Technical Abstract: Thermal stress in swine has numerous documented negative effects on the production and well-being of the animals. Currently, there is no commercially recognized solution to this problem that does not introduce health issues for the animals, require extra work for the operations staff, or consume significant installation or operational resources. Researchers from Purdue University have developed a hog cooling pad that past testing has determined to be efficient in removing heat from a simulated animal, effective in its use of coolant, and simple to build and maintain. Members of the Purdue and USDA-ARS research groups were able to conduct some initial live animal experimentation with a single second prototype design at the conclusion of that unit’s bench testing. The cooling pad was installed in one farrowing crate of a twelve stall farrowing building, and the first live animal heat transfer data were collected with the unit. Two series of tests were conducted, triggering the coolant flow by set time cycles and by temperature limits. Three different sets of ambient barn conditions were examined (23oC, 28oC, and 33oC).
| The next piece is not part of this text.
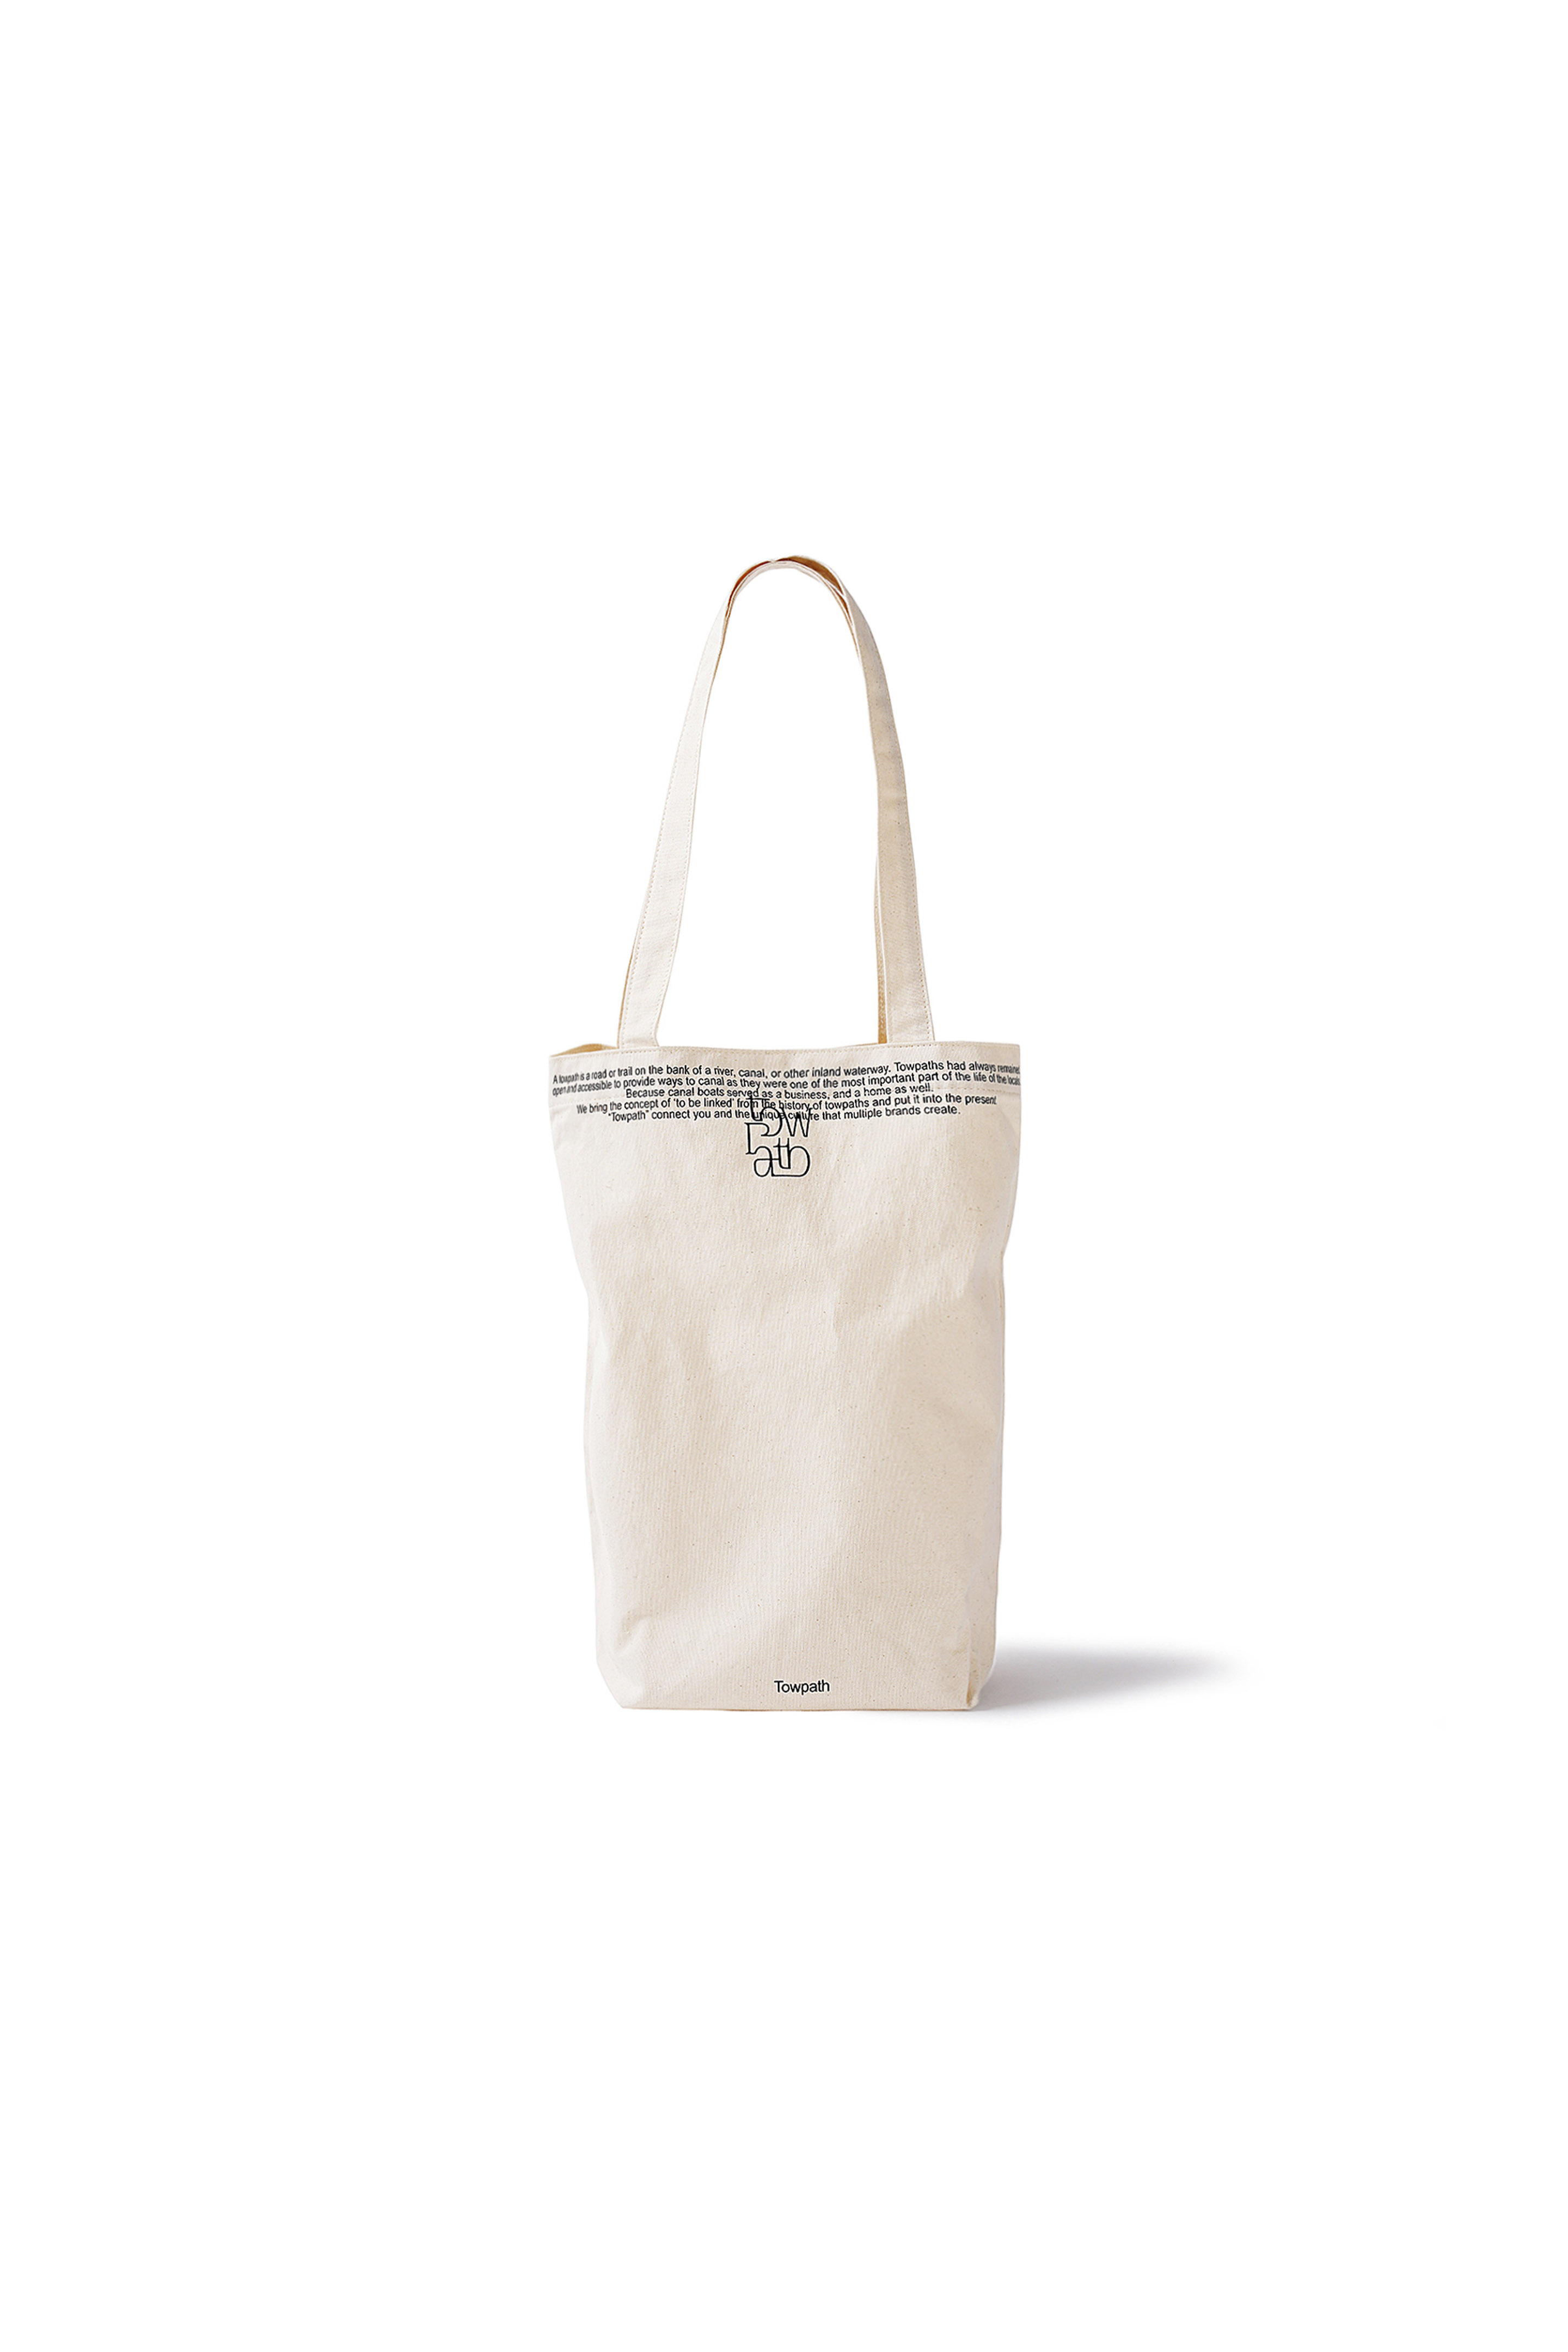 Towpath 008 Shopper Bag - Small

In addition to the thermal reaction of the cooling device, animal temperatures and respiration rates for the test subject and a control animal were also collected during the experimentation. During time-controlled testing, the results indicated that the rectal temperature of the cooled sow was lower than the control sow (t(16)=2.35, p=0.02), the skin temperature of the cooled sow was lower than the control sow (t(16) =1.94, p =0.04), and the respiration rate of the cooled sow was lower than the control sow (t(16) =2.24, p=0.02). The results indicated that temperature-controlled cooling worked well for ‘maintenance’ operations, while a time-controlled flow could potentially be used to extract greater levels of energy from an overheated animal. Further testing with larger sample sizes to confirm these results for both control protocols is planned.